§ **Records for this exercise**:
■ ■ ■ ■ ■

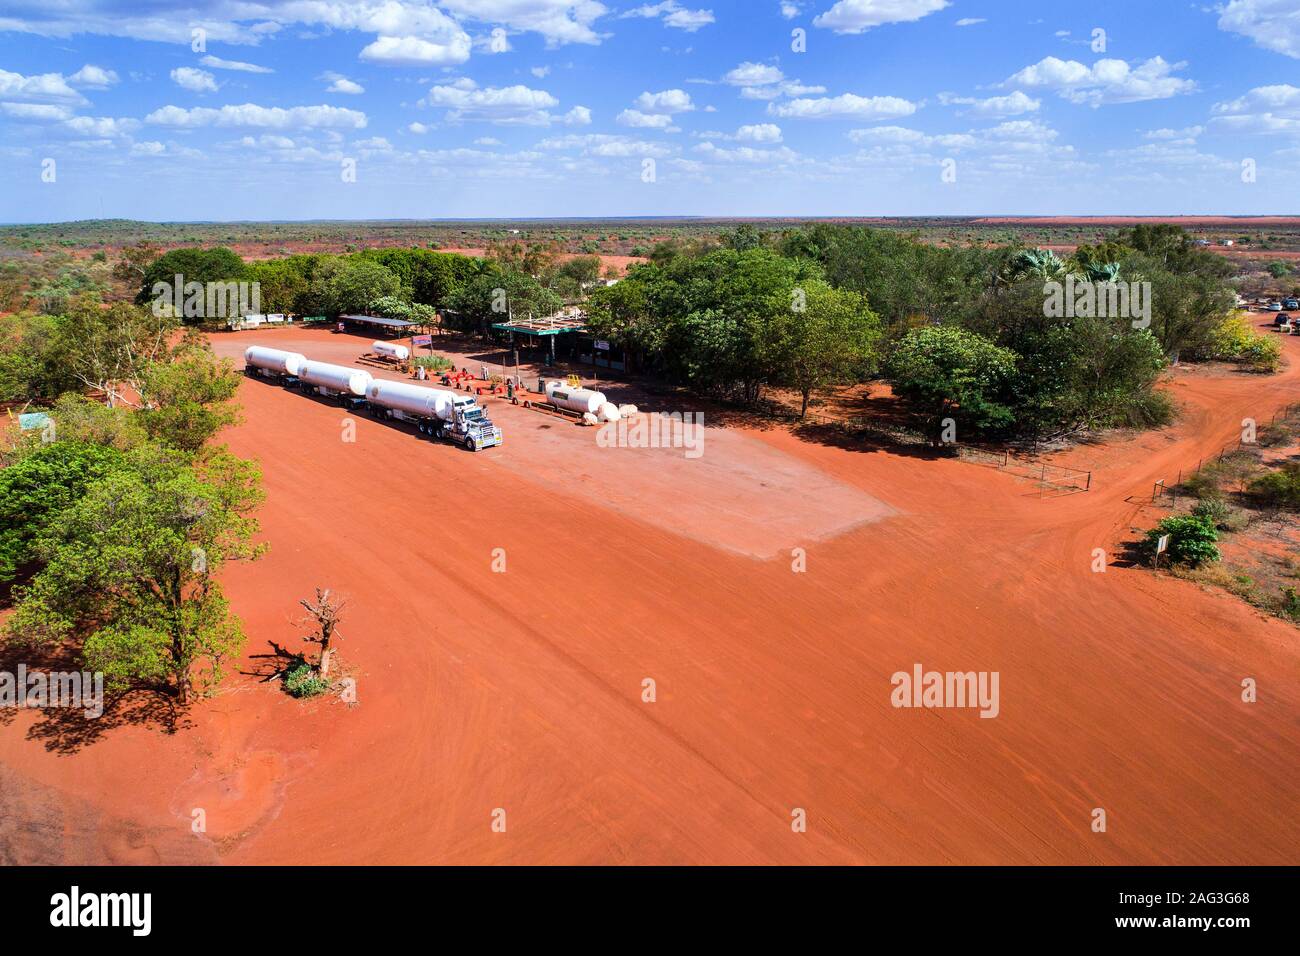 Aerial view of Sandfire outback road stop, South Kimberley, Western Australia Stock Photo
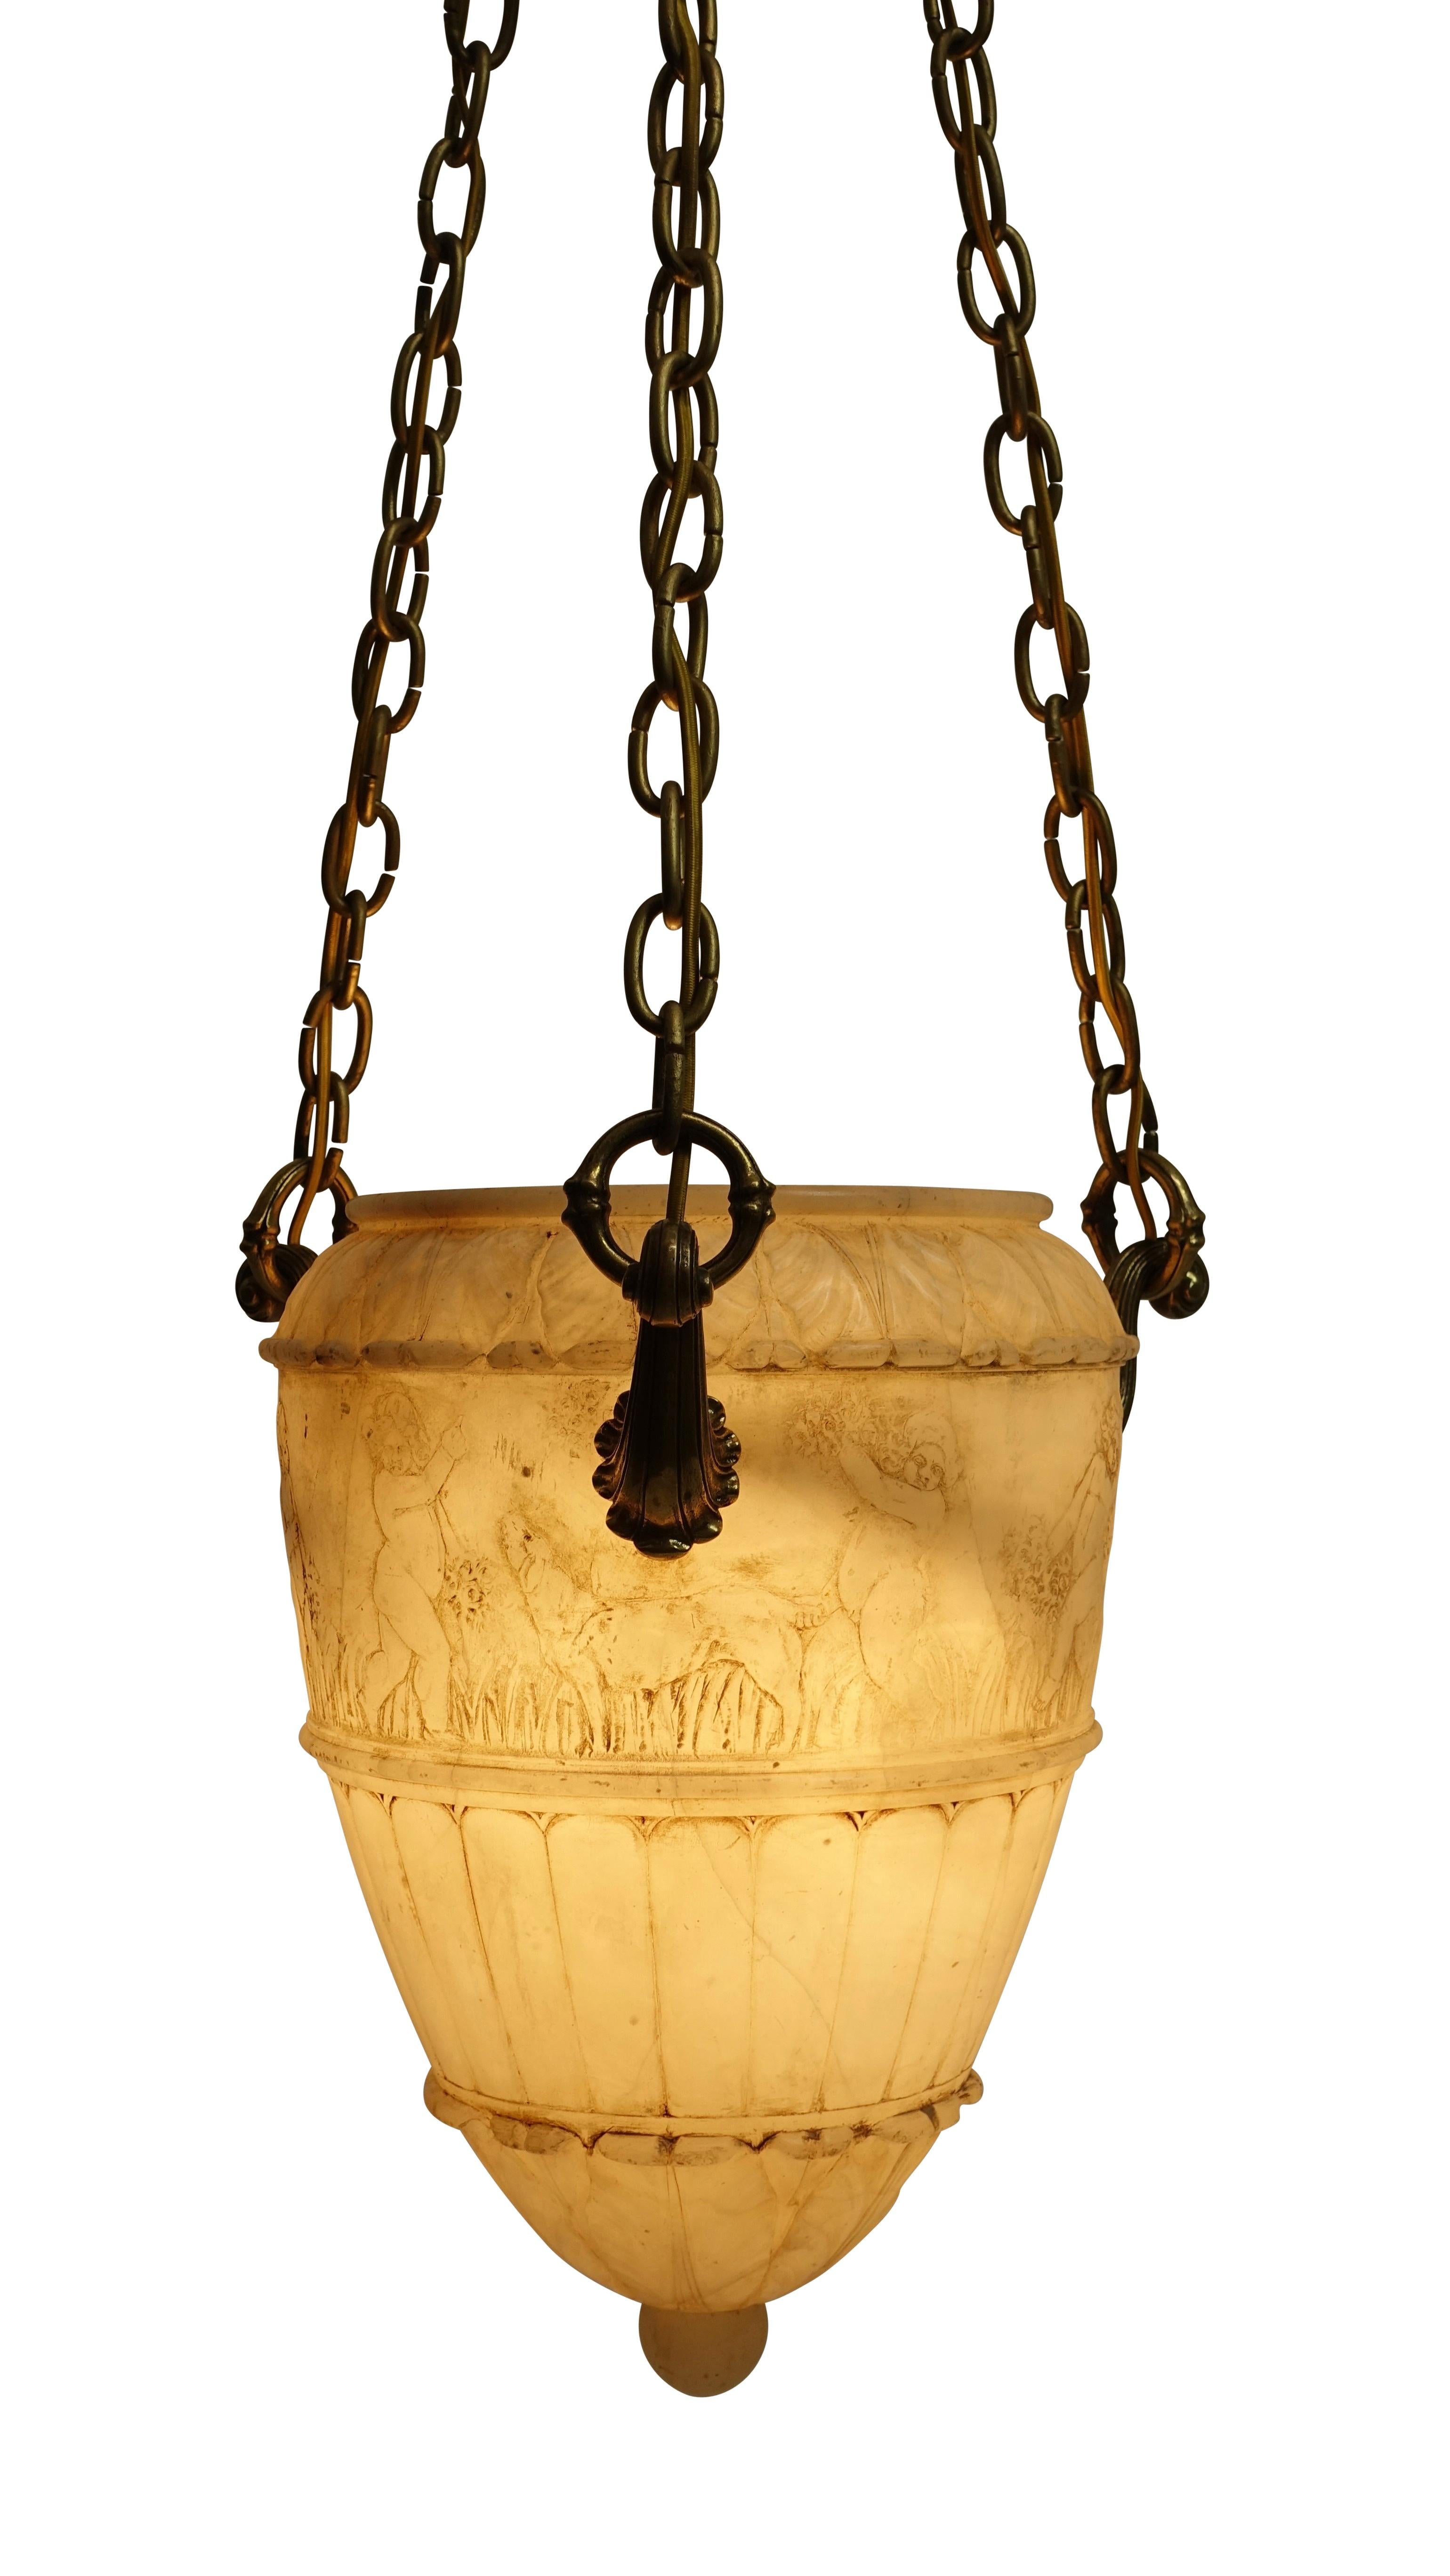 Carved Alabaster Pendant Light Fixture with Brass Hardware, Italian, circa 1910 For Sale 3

■ ■ ■ ■ ■

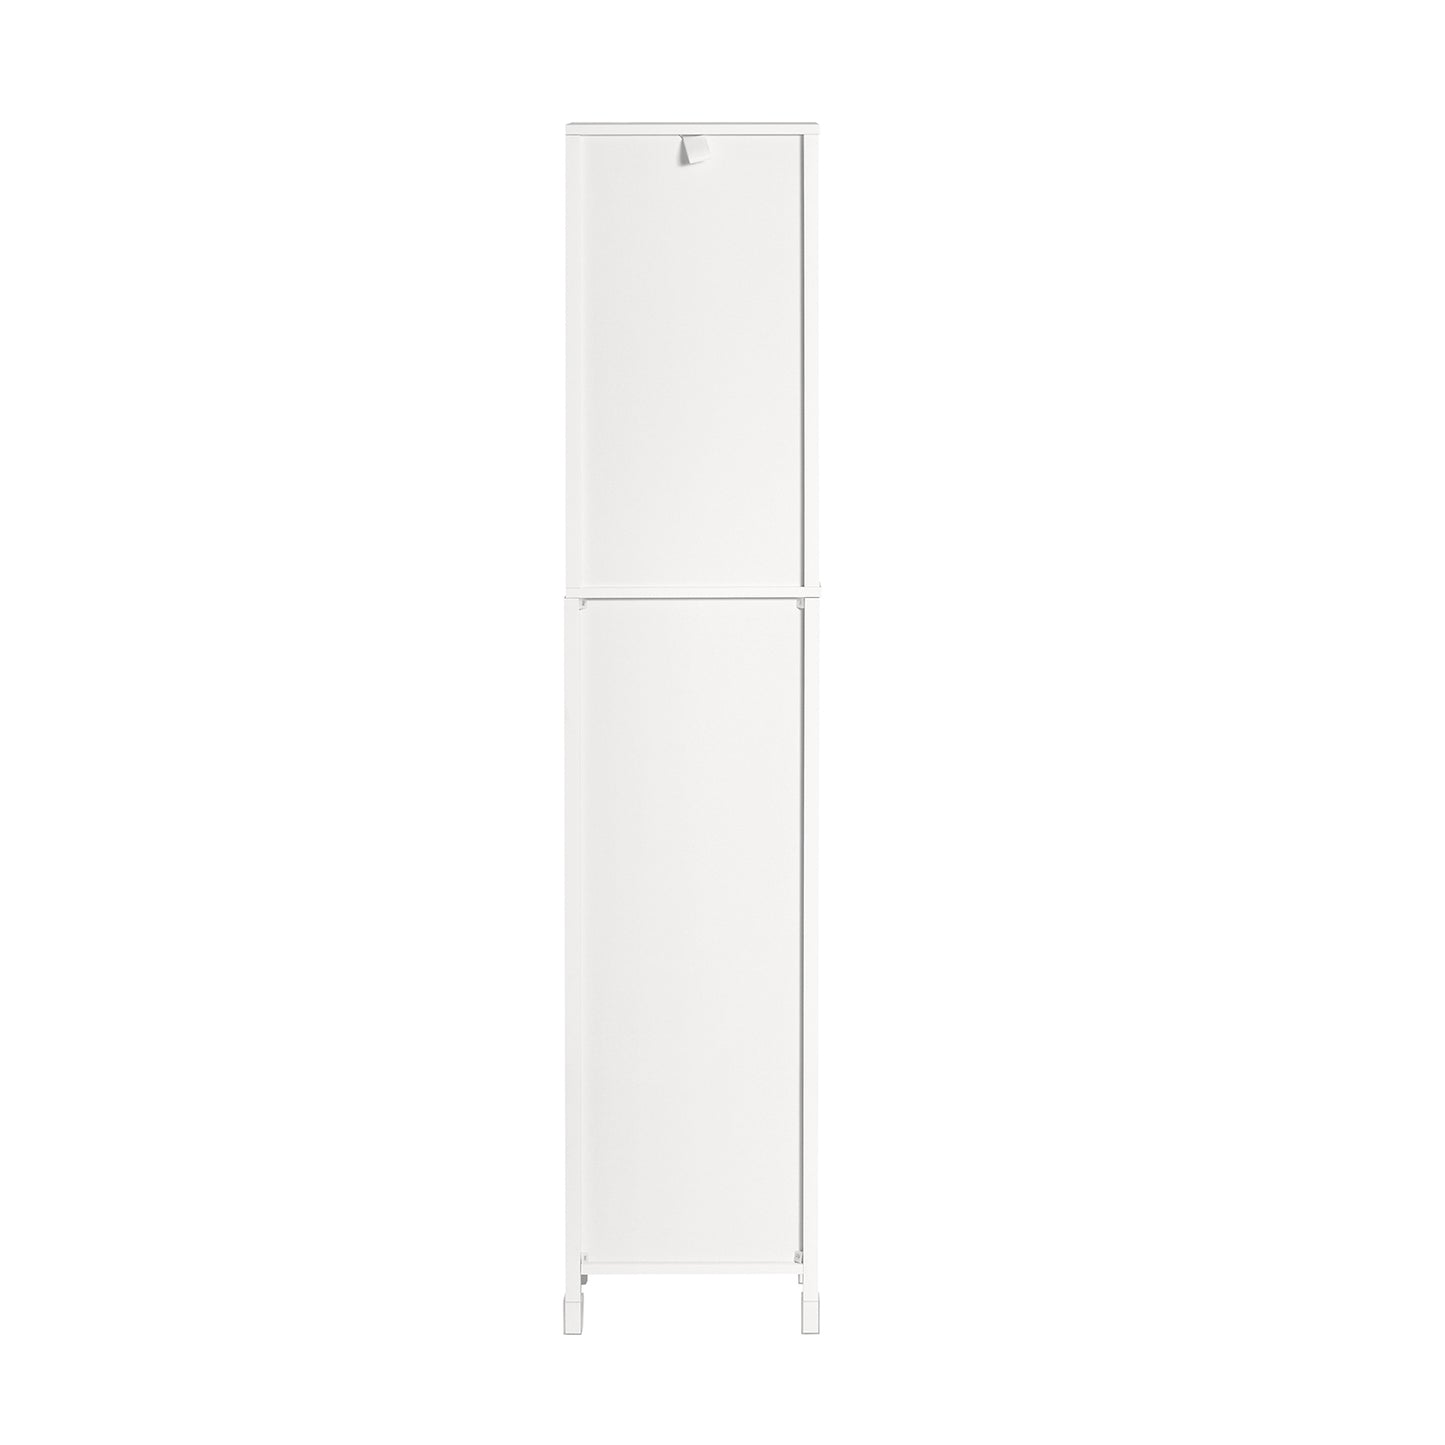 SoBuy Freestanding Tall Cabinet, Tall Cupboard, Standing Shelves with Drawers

■ ■ ■ ■ ■

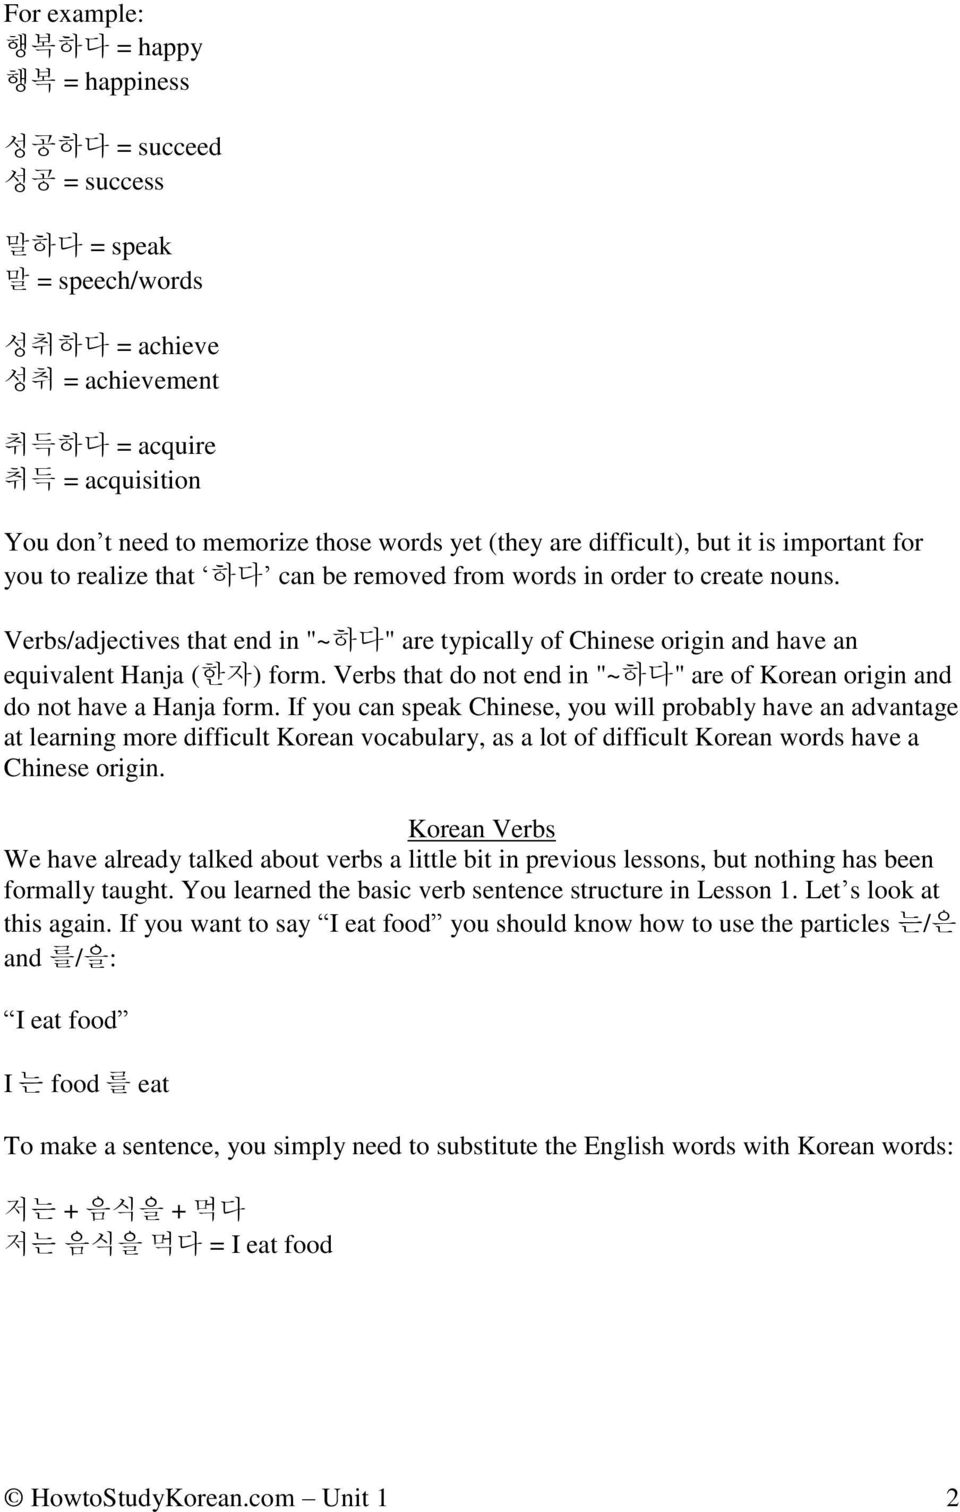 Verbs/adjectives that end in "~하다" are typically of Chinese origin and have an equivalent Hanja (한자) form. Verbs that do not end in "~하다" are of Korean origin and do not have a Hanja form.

■ ■ ■ ■ ■

§ **Requirement**:
Go to the line above holding "Aerial view of", then copy exactly each line down to and including the one holding "Carved Alabaster Pendant", leaving pictures out.

§ **Final answer**:
 Aerial view of Sandfire outback road stop, South Kimberley, Western Australia Stock Photo
 Carved Alabaster Pendant Light Fixture with Brass Hardware, Italian, circa 1910 For Sale 3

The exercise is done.